Regular readers know that I am a big fan of LinkedIn. My interest, of course, has been in its database, which may be the most important biographical database ever created. But LinkedIn can’t rest on its laurels. That’s because it depends on user generated content, and the biggest threat to LinkedIn is if users start questioning its value. LinkedIn is already jokingly referred to by many as “the boring social network.” And while LinkedIn now benefits from lots of buzz and momentum, it needs to remain fresh in the eyes of users and give them a reason to interact with LinkedIn as frequently as possible, and to continue to deliver back some tangible value as well.

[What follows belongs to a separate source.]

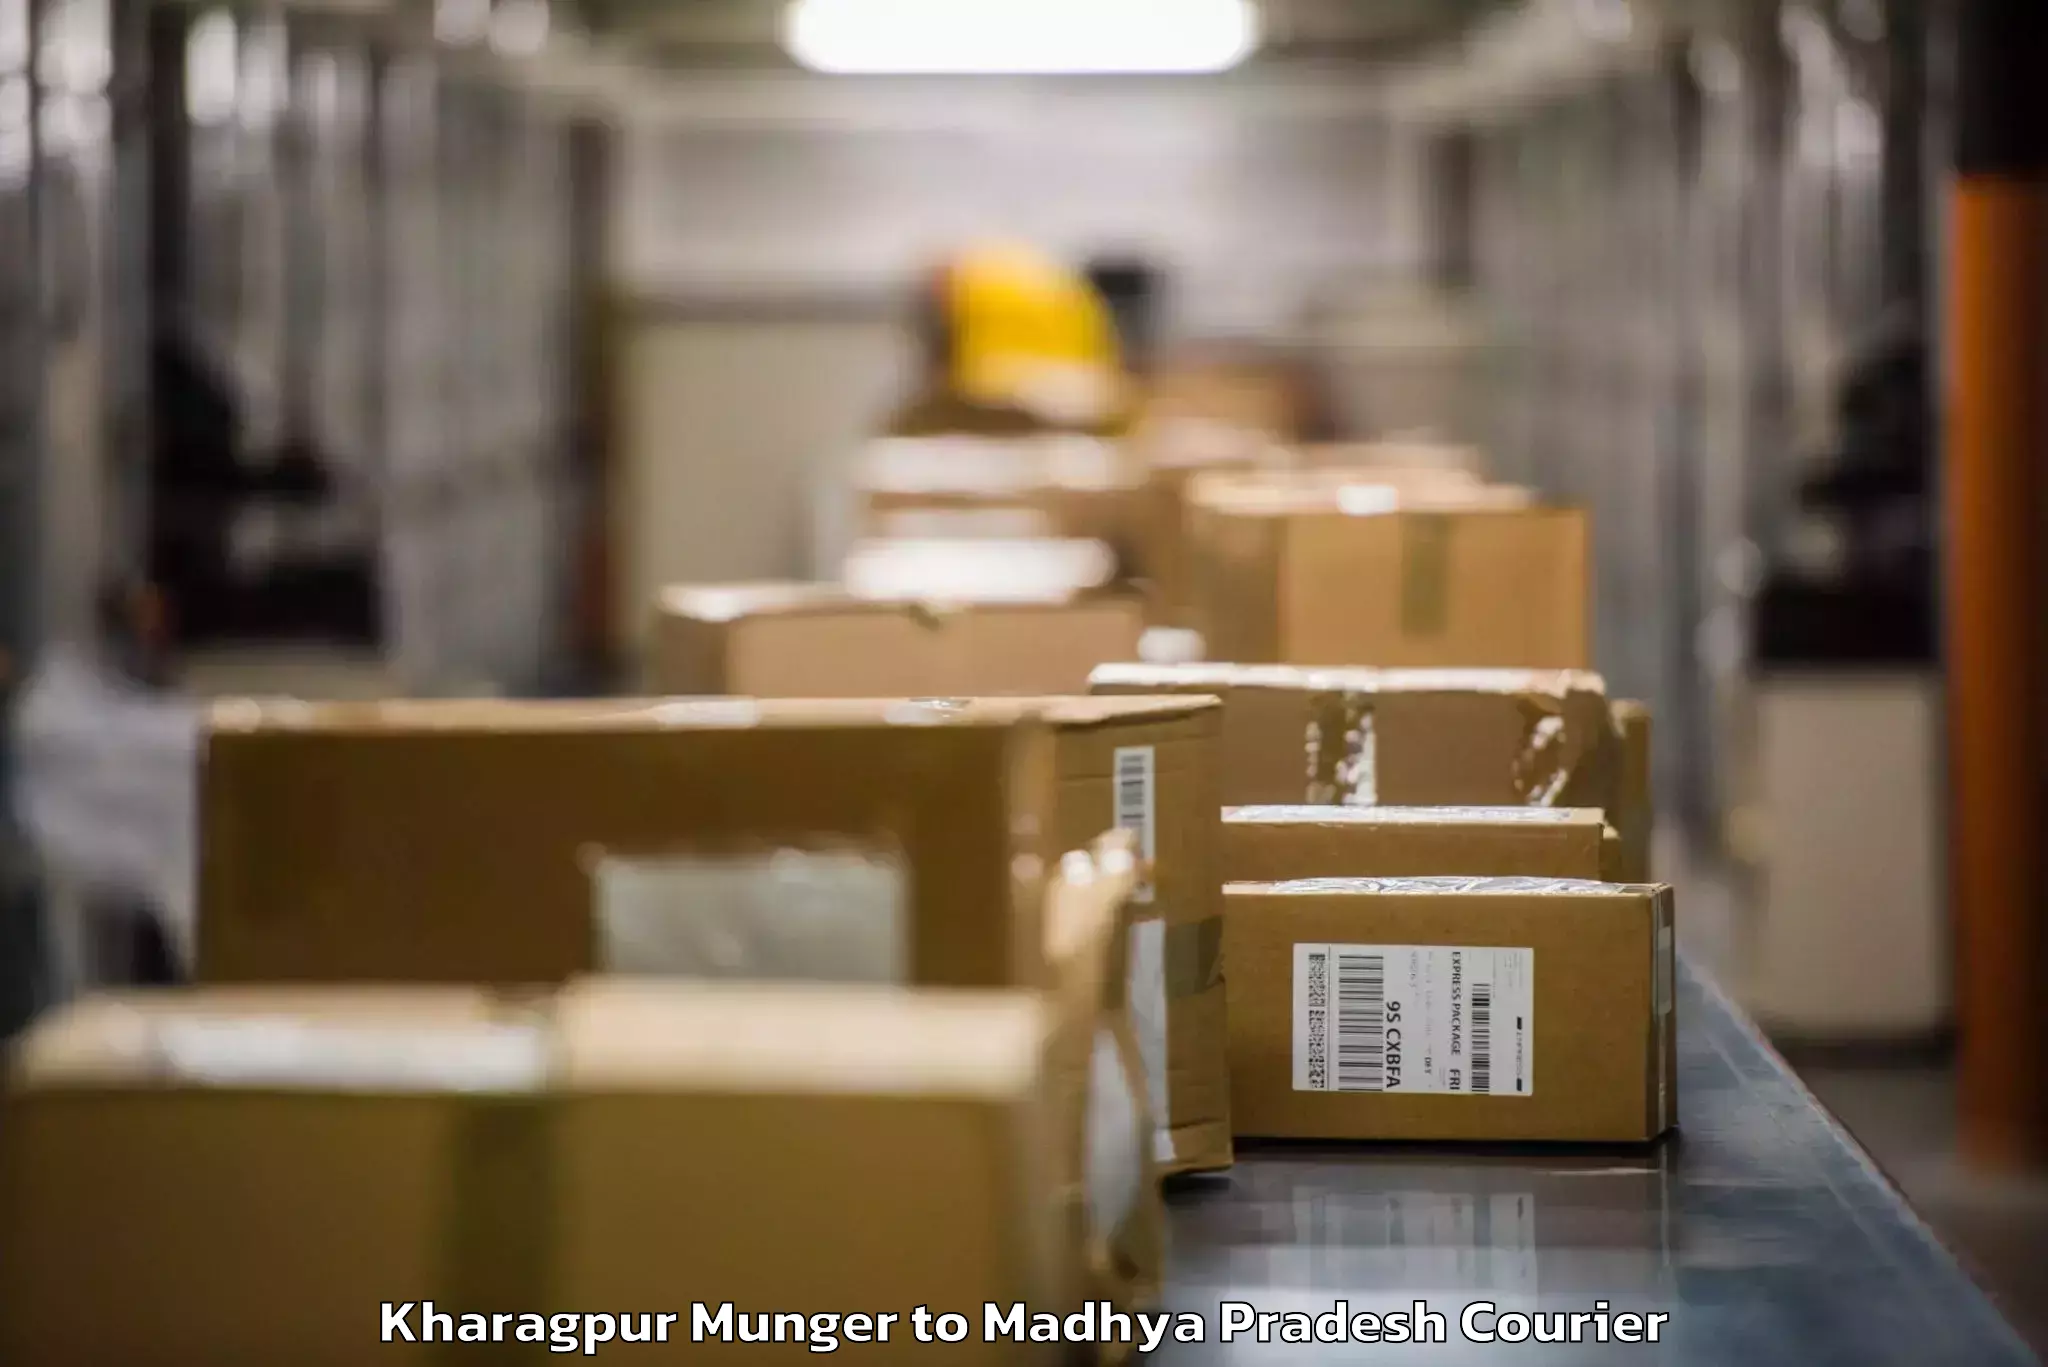 Baggage courier insights Kharagpur Munger to Madhya Pradesh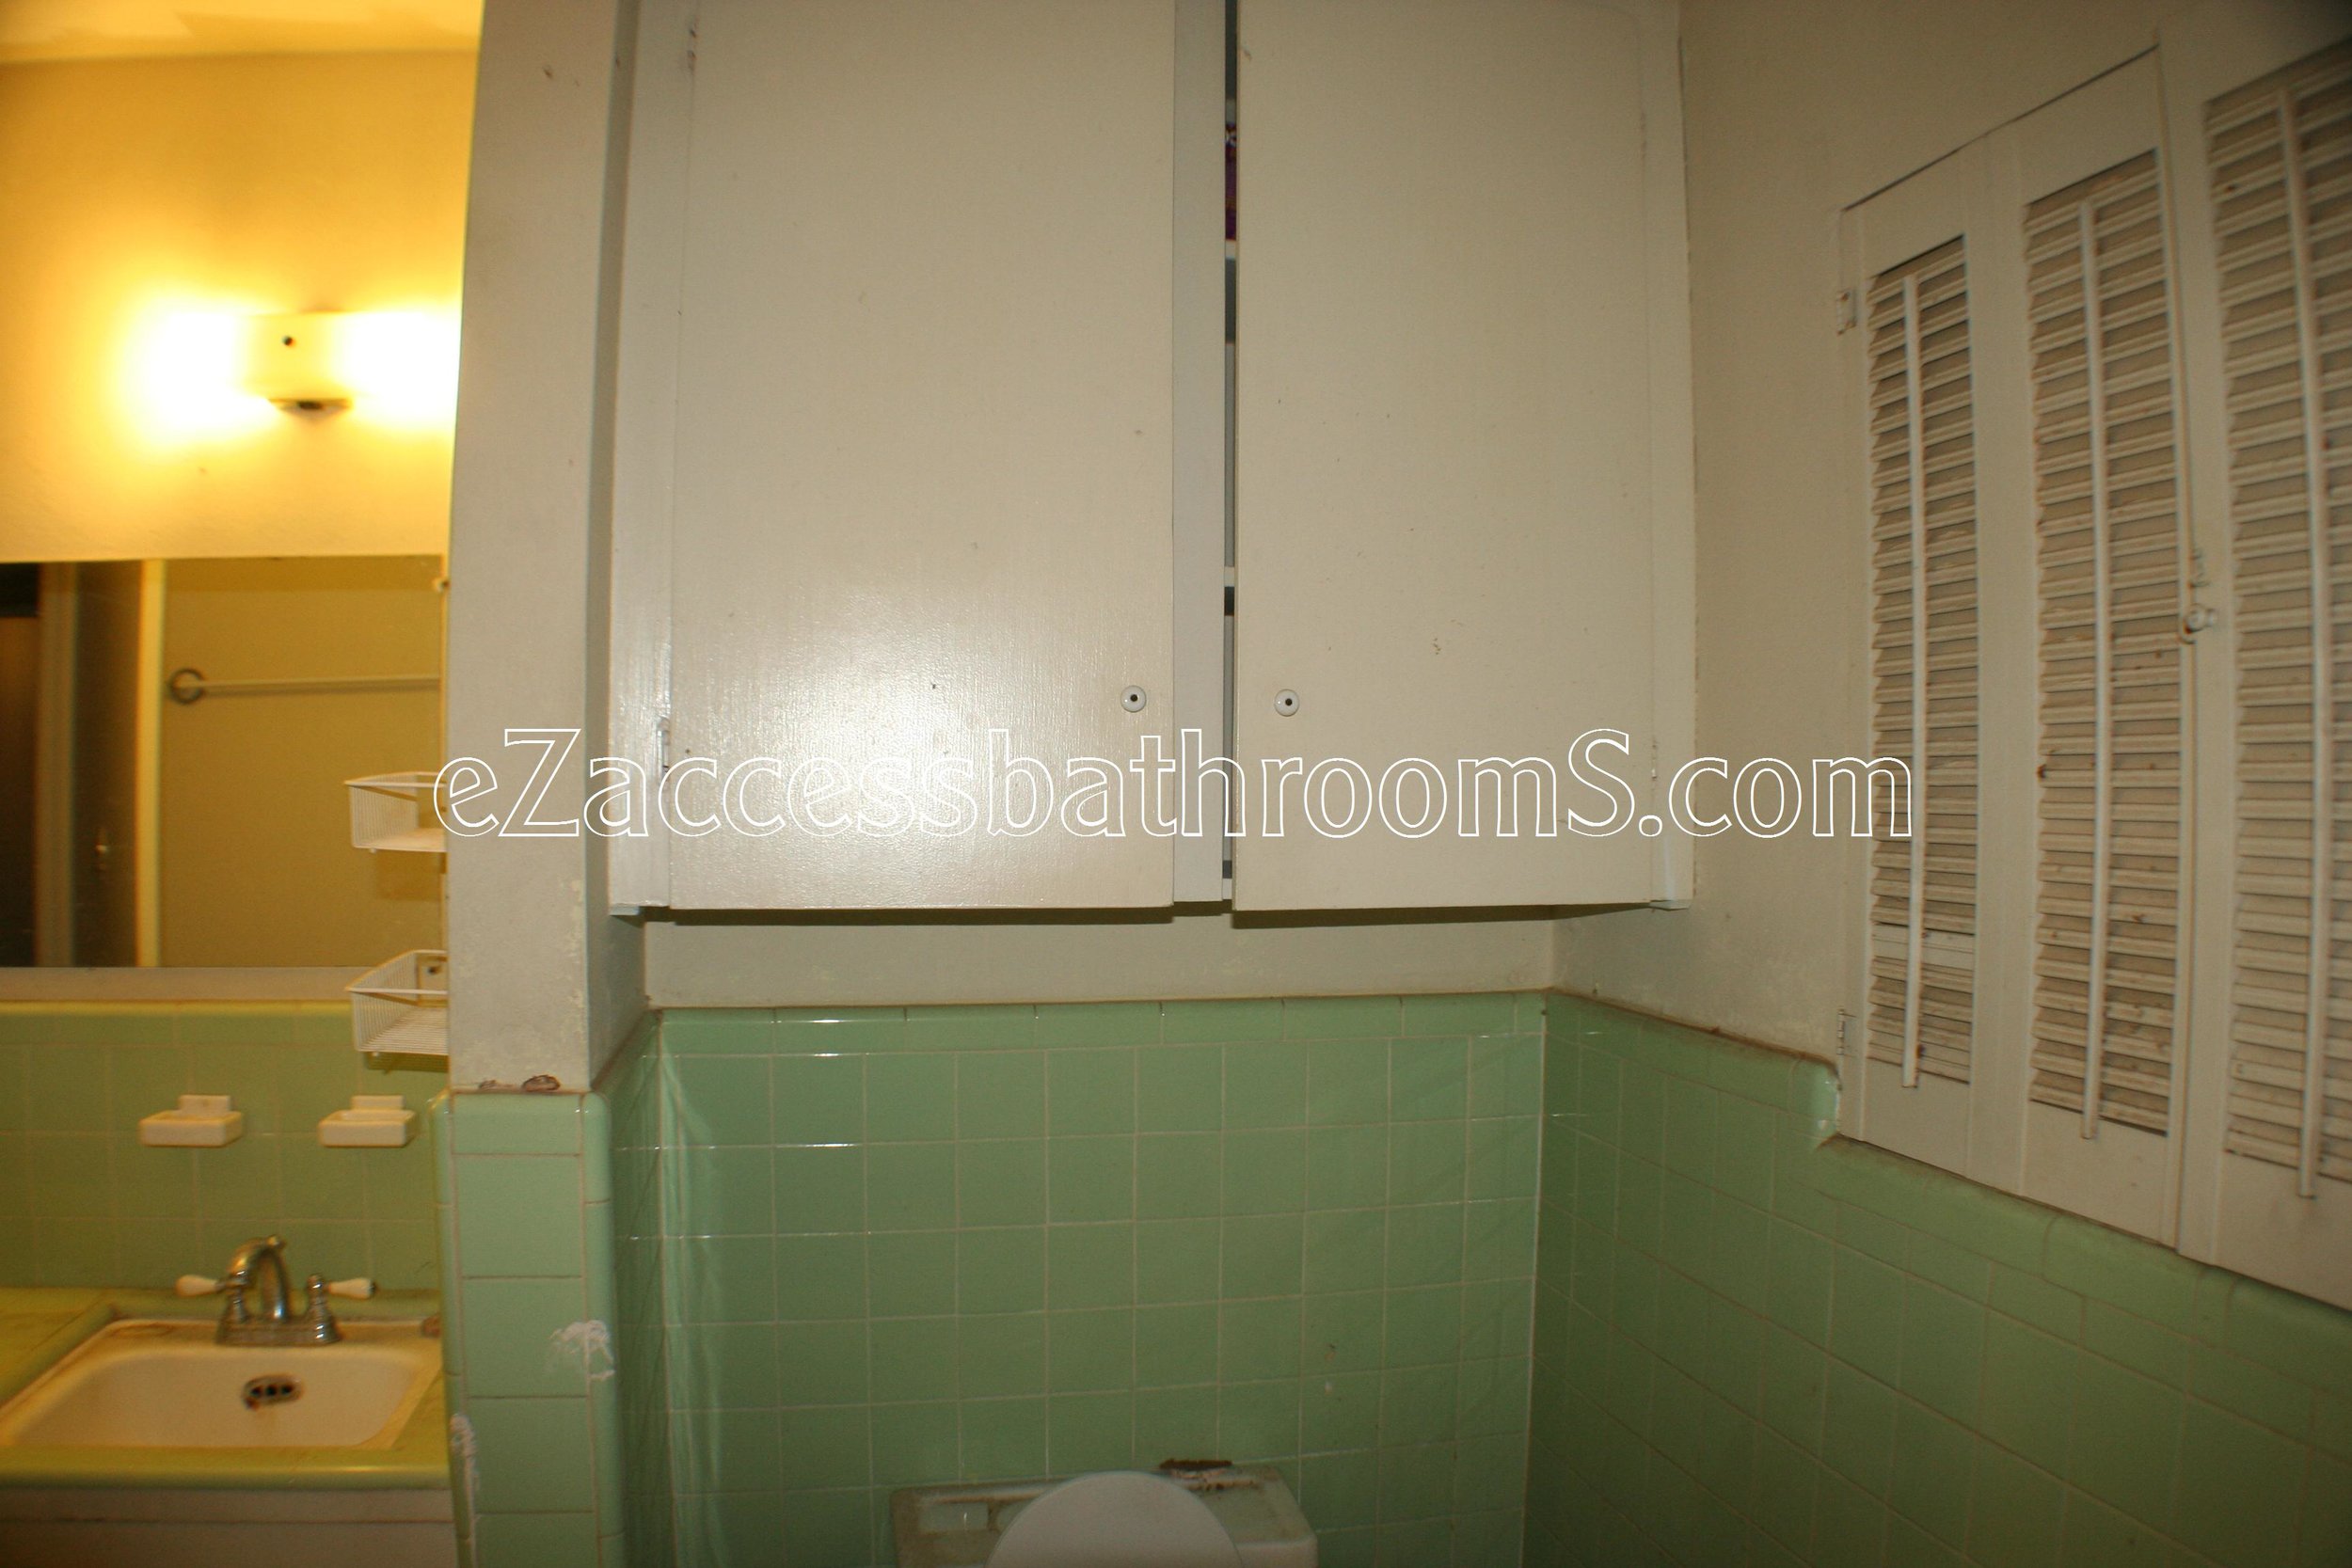 rollin shower ezaccessbathrooms.com 0009.JPG

LinkedIn thinks it can address all three of these requirements with content. As Deep Nishar, the company’s SVP of Products and User Experience puts it:

“We believe LinkedIn can be the definitive professional publishing platform – where all professionals come to consume content and where publishers come to share their content.”

So is LinkedIn positioning itself to become sort of an iTunes for professional content?

As of now, it’s hard to see how LinkedIn as a publishing platform will evolve – and the company itself may well not have a full vision. But I have already seen conference companies with their entire businesses based on LinkedIn groups. It’s entirely possible we will see new trade publications where the entire audience is composed of LinkedIn members, delivered via LinkedIn, with LinkedIn potentially supplying those members by somehow matching them to relevant publications.

But with this intriguing vision comes lots of equally intriguing – and potentially worrisome - questions. Will publishers be able to distribute advertising via the LinkedIn platform? Who will own the audience? Will LinkedIn seek transactional revenue of some sort from publishers? The more you look at it, the more you see the potential for a B2B ITunes Store, with all the attendant issues.

We may be at the early stages of a truly transformational shift in business and professional publishing as LinkedIn begins leveraging its massive audience of business people to move into content distribution. Exactly how it chooses to do so could have profound implications for B2B publishers.